En Colombia saben que García Márquez escribió la Crónica de una muerte
anunciada para que los periodistas perezosos repitieran hasta la
saciedad el título y ni así fueran capaces de gastar la novela. Vida y muerte
todo el rato ¿Cómo es que que te mueres, Gabo, si es imposible caminar el
mercado de las Pulgas de Bogotá sin ver el reflejo de tus libros en cada uno de
los descascarillados espejos?
Le dieron el Nobel de literatura, pero fue al revés. Se negó a vestir de
pinguino payaso y recibió el premio con su liquilique de lino -como el que
llevaba Chávez, su amigo, cuando empezó a reinventarse Venezuela-, dándole al
Rey de Suecia la dignidad que nunca tuvo porque aún no le había dado el Nobel
de la paz a Obama pero se lo había dado ya a Kissinger (otro que siempre quiso
muerto a García Márquez). Nunca renunció a su amistad con Fidel. Ni en los
tiempos irreconciliables del fusilamiento de unos desgraciados que creyeron que
se montaban en una balsa para marchar a Estados Unidos sin saber que les
montaron en una balsa para hacer una guerra en la isla desobediente. García
Márquez fue firme: los problemas de América Latina son problemas de los
latinoamericanos. Saquen sus sucias manos de nuestra tierra.

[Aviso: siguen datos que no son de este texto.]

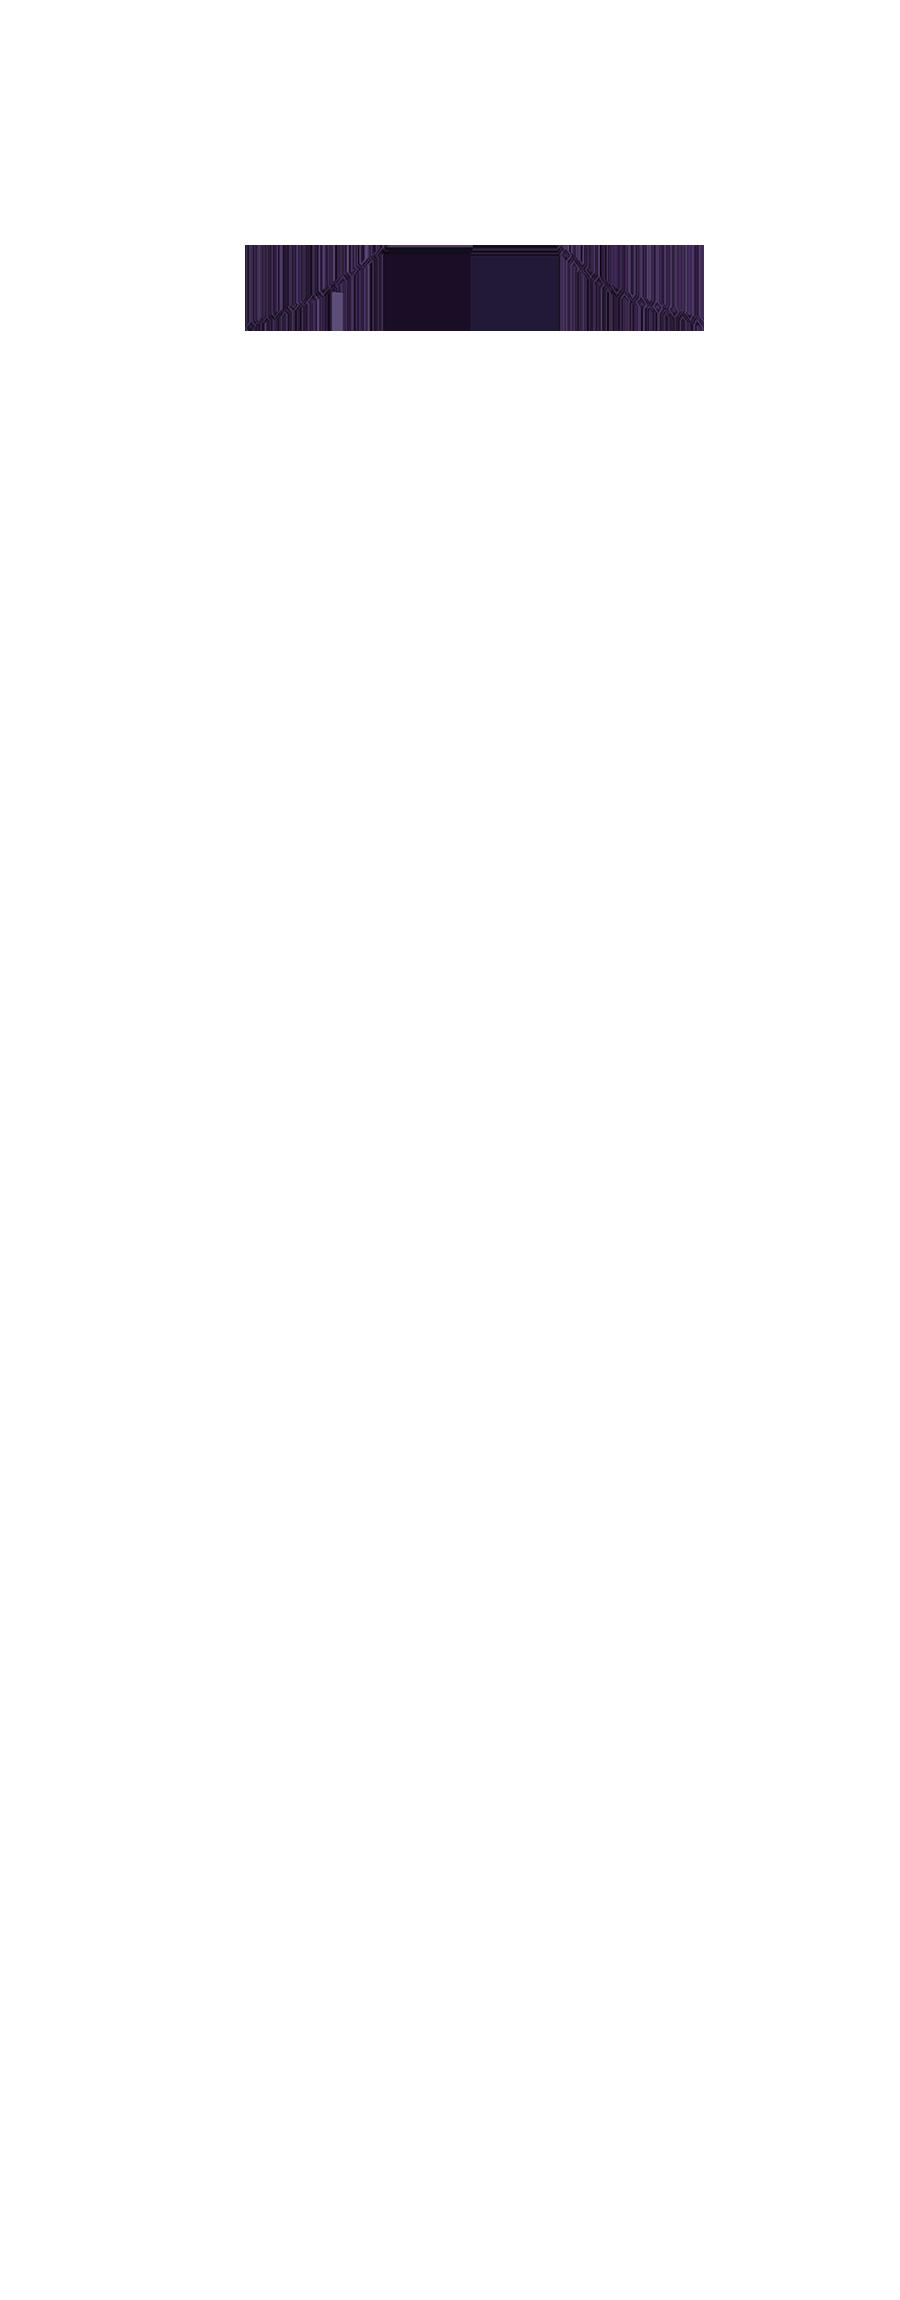 NEFL-18

Las librerías oficiales van a vender muchos libros del Nobel desobediente
estos días. Pero Colombia sigue su rumbo entre los puestos de los buhoneros.

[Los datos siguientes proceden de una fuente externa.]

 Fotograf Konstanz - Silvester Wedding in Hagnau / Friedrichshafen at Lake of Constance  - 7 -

Otro de los que siempre quiso asesinar al Gabo, el Procurador de Colombia
Alejandro Ordóñez, ha inhabilitado en una opereta de Macondo al alcalde Gustavo
Petro, sin saber que lleva en el bolsillo una espada de Bolívar que le regaló
García Márquez para sacar al país de su soledad repetida. Colombia es una
novela inacabable regada con aguardiente antioqueño.
Tomando un tinto en la esquina de la calle de la Fatiga con la séptima,
junto a la Plaza de Bolívar, me pidió García Márquez unas monedas vestido de la
negrura del pueblo pobre: “perdone el afán, pero es que hoy no almorcé y me
rugen las tripas con clamor de trueno”. Unas notas sobresalían de su camisa
rota. Alcancé a mirar de soslayo lo que emergía de esos dignos andrajos:
“Aureliano Buendía, cansado de esperar en el cielo de los justos, decidiose a
caer de nuevo por Macondo. Nada más llegar preguntó por el ayudante del regidor
y poniendo sobre la ordenada mesa su espadón le dijo: mire mi hijito…”.
-Claro hermano, tomemos ese tinto. ¿Puedo leer mientras esas notas?